# Convert 9V "wall wart" to 4.5V? (NT/OT)



## Scottychaos (Jan 2, 2008)

Hey everyone,
I have a small "clock radio"..the AC "wall wart" adapter for it is missing..
but I have stash of other ones, but none of the right size.

The plug on the side of the radio says it wants 4.5V.
It will also run on two C batteries.

I have an AC adapter that puts out 9 volts.
It says:

Uniden AC adapter
Model AD-310
Input: AC 120V 60 Hz 4W
Output: DC 9V 210mA.
Class 2 power supply.
for use with telephones.

Could I convert this 9V output to 4.5V by wiring in a resistor in the output wiring?
If so, what size? (I tried googling it, but didnt come up with anything helpful)

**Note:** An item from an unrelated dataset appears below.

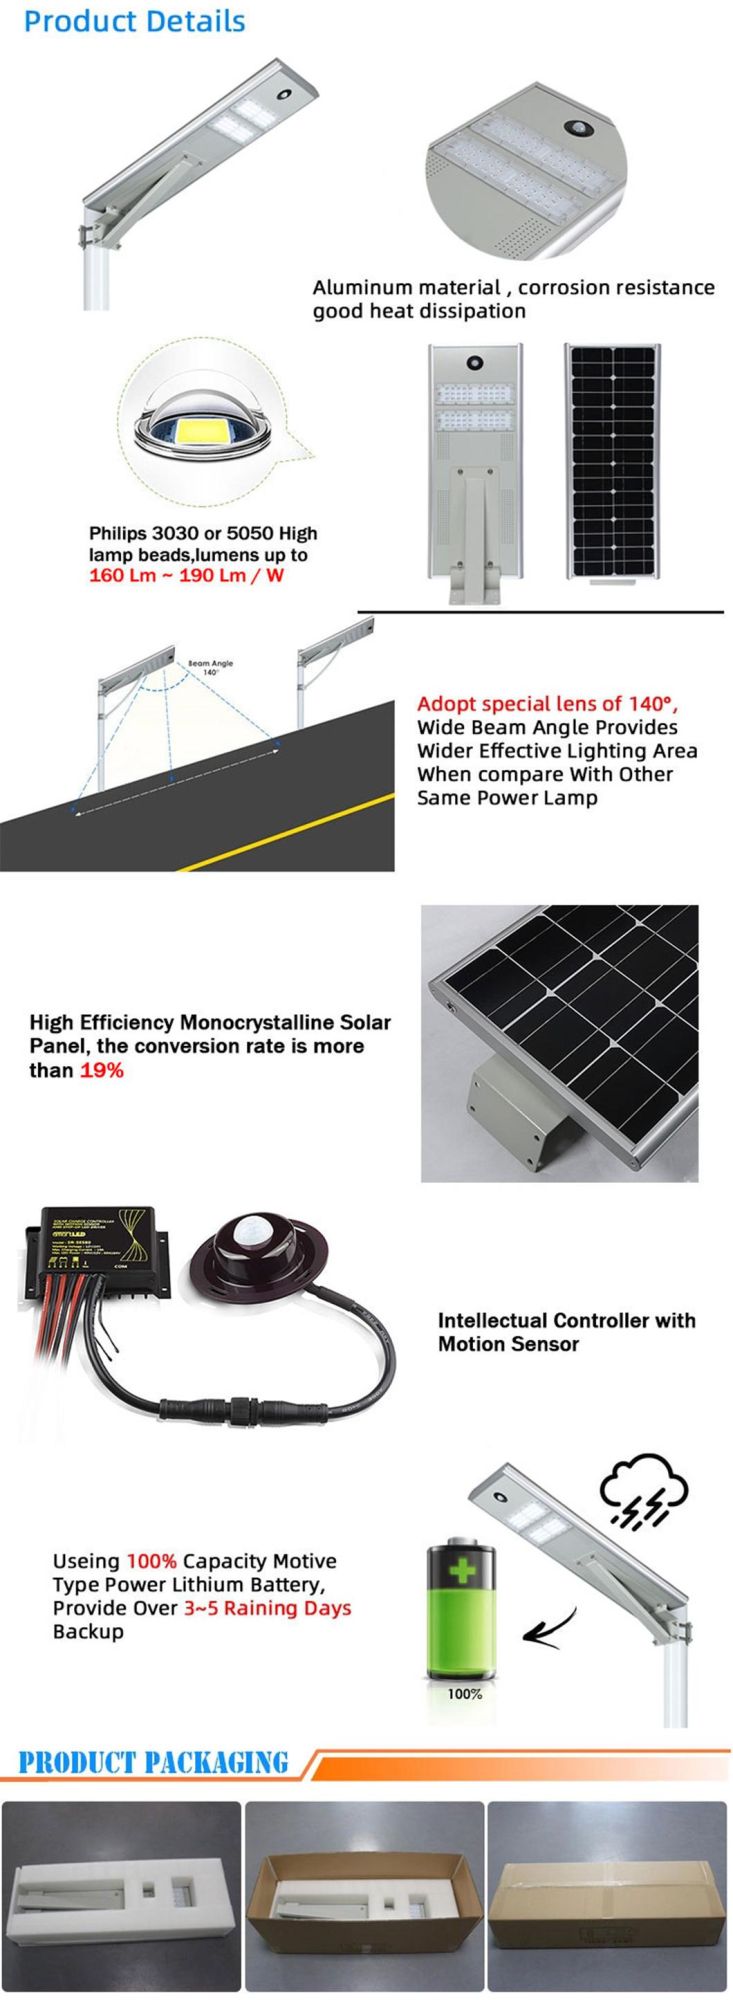 LED 30W 40W 50W 60W 80W 100W 120W Outdoor IP65 Waterproof Integrated All in One Motion Sensor Solar Street Light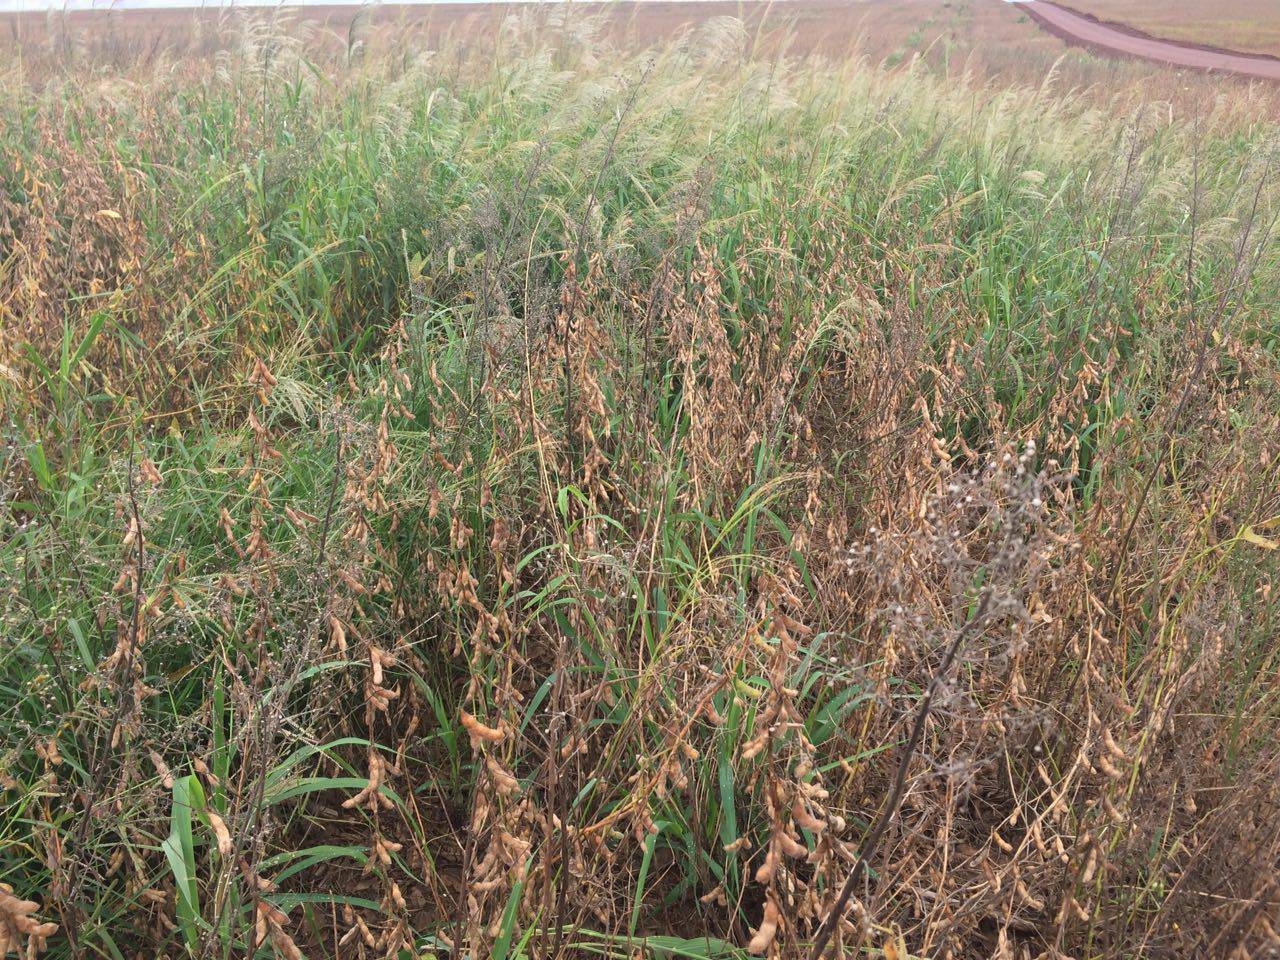 Área de produção de soja safra 2017/2018 na região do oeste do Paraná sob alta infestação de plantas daninhas no momento da colheita da soja

And do I need to be concerned about the amps?
the output at 9V says 210mA..and the radio will run on two C-cells.
Im assuming the amps aren't a concern (are they?)..I mainly want to get the voltage down to 4.5 or 5 volts..
any suggestions?

I went to Radio Shack, $30, no thanks..

Scot


----------



## JPCaputo (Jul 26, 2009)

Check out allelectronics. They have one for $3 plus shipping. 

Might as well pick up anything else you need to get enough stuff to make the minimum shipping price worth it.


----------



## JPCaputo (Jul 26, 2009)

Check out allelectronics. They have one for $3 plus shipping. 

Might as well pick up anything else you need to get enough stuff to make the minimum shipping price worth it.


----------



## BigRedOne (Dec 13, 2012)

If you want to drop half the voltage using a resister, you'll need one with resistance equal to that of the clock. 

Resistance can be computed if you know the voltage and amperage; therefore measuring the current while running on batteries will let you compute the resistance. This is Ohm's law, if I remember correctly. 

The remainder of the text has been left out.